Bitcoin’s recent price surge is raising alarms among analysts, as retail participation remains unusually weak. According to CryptoQuant and IT Tech, small buyers transferring $0–$10K are largely absent. Historically, strong green spikes in retail demand have fueled major bullish legs. However, now this metric is deeply negative, even while Bitcoin trades near the top of its range. Hence, the current rally appears driven primarily by larger players, suggesting upside may be fragile.
Retail absence points to a late-cycle phase rather than a clean new impulse. As IT Tech notes, “until this retail demand curve gets back above zero, I treat this as a cautious, late-cycle phase, not a clean new impulse.” Consequently, analysts warn pullbacks could hit harder if small buyers remain sidelined. This dynamic may indicate heightened risk for retail investors chasing momentum without market depth.

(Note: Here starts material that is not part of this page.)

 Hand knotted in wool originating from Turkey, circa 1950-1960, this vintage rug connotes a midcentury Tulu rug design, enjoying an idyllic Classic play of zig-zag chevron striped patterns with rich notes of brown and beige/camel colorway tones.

Spot and Futures Volumes Reveal Divergence
Crypto trading volumes closed 2025 showing contrasting trends. Total spot trading reached $18.6 trillion, a 9% increase from 2024’s $17 trillion. However, growth slowed dramatically compared to 2024, when spot volume surged 154%.
Perpetual futures, on the other hand, increased by 29% to reach $61.7 trillion, indicating that derivative markets were the primary source of growth. Additionally, Binance dominated the volumes of spot and perpetual futures. Binance made up 41% of the top 10 exchanges with $7 trillion in spot trading. Following with $1.5T, $1.4T, and $1.3T, respectively, were Bybit, MEXC, and Crypto.com. As a result, trading power is becoming more concentrated among the top platforms.

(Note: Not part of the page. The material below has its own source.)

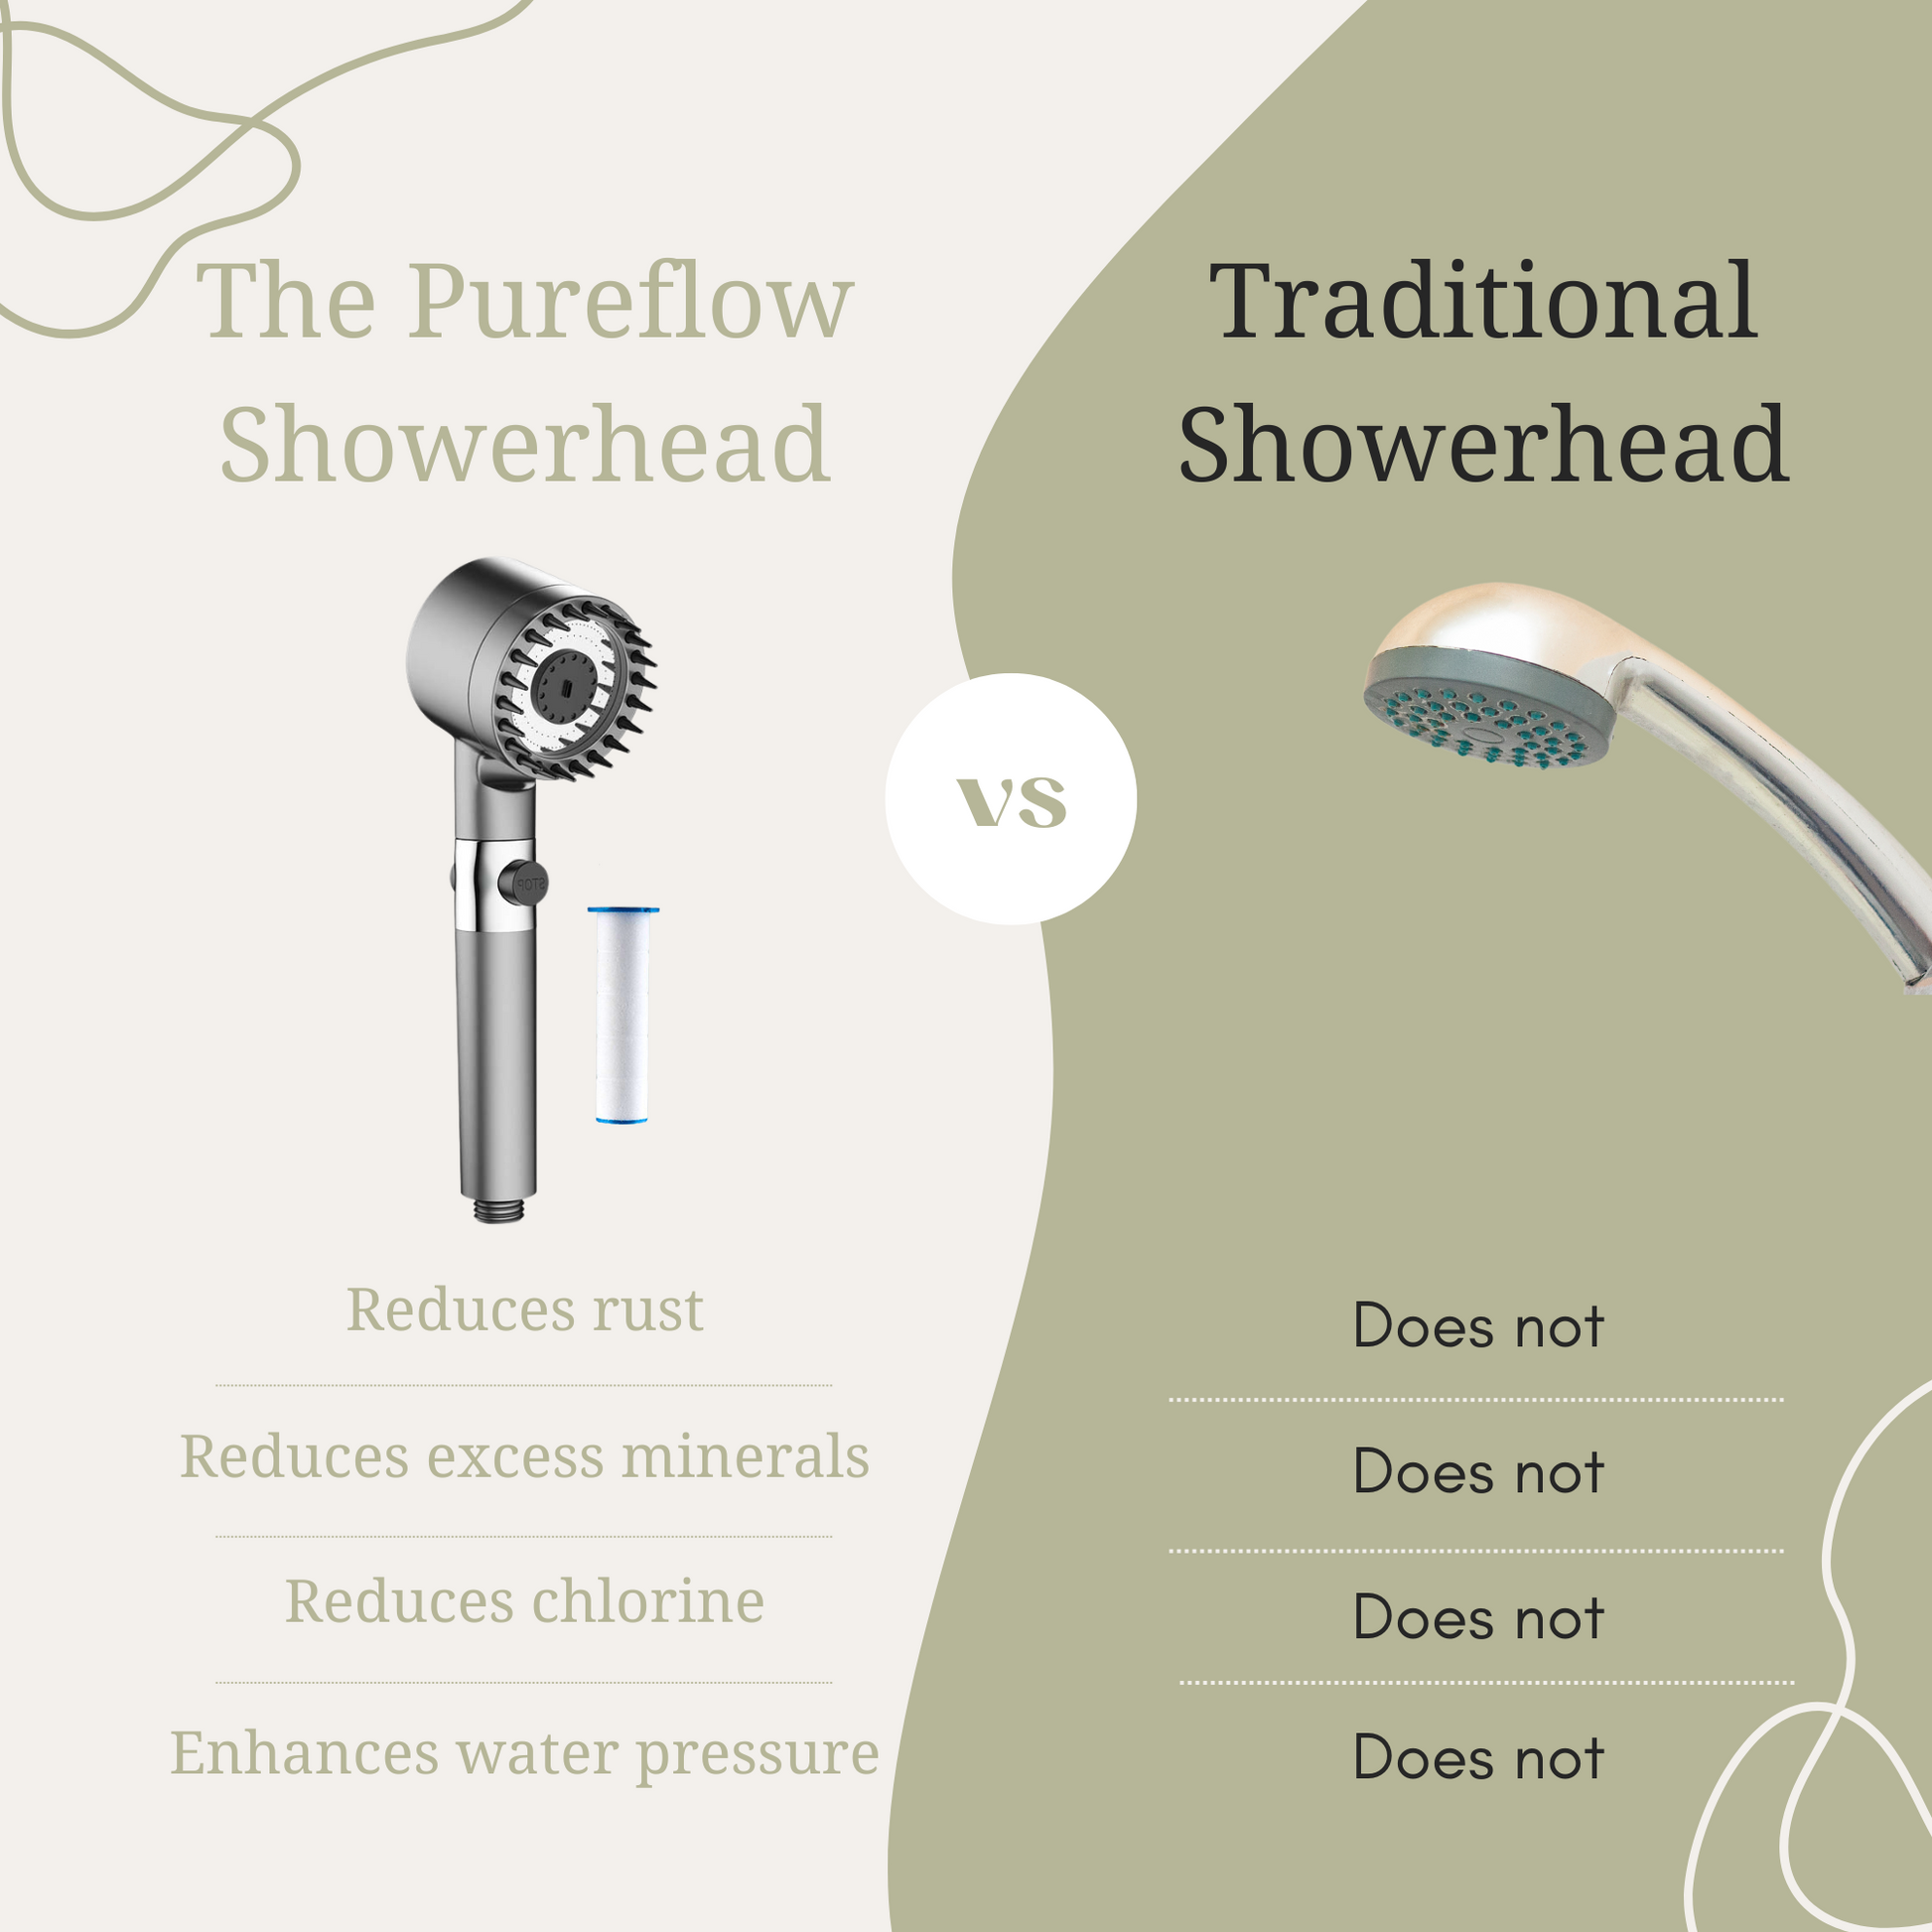 The Pureflow Filtration Showerhead - VANQUISITE Every wellness journey begins with pure water. 200% More Water Pressure. 30% Less Water Waste. Improves Hair and Skin Health. 3 Shower Modes tailored to you. Removes Rust and Mineral Deposits. Your Hair and Skin will Love You. Transform Your Skin and Hair to Radiant and Healthy in as Little as 2 Showers, right in your bathroom! shower head Showerhead + 1 filter, Showerhead + holder, Showerhead + holder + hose (150cm), 1 filter

Binance also led Bitcoin perpetual futures with $25.4 trillion in volume, representing 42% of the top 10 exchanges. OKX, Bybit, and Bitget captured 11–19% each, while smaller exchanges trailed. Additionally, Hyperliquid emerged with $2.2 trillion, but collectively remaining platforms accounted for only 10% of total volume. Consequently, liquidity and market influence continue consolidating at the top.
Stablecoins and On-Chain Flows Mirror Exchange Dominance
With $47.6 billion in USDT and USDC reserves, Binance accounted for 72% of the stablecoin balances of the top 10 exchanges. MEXC came in second with $2.2 billion, and OKX with $9.3 billion. Binance’s total reserves of BTC, ETH, USDT, and USDC were $117 billion, whereas Coinbase’s was $81 billion.
This supremacy is confirmed by on-chain activity, as Binance has recorded over 1.6 million cryptocurrency transactions. With 1.2 million, largely withdrawals, Coinbase came next. As a result, a small number of significant exchanges continue to have a significant influence on the market.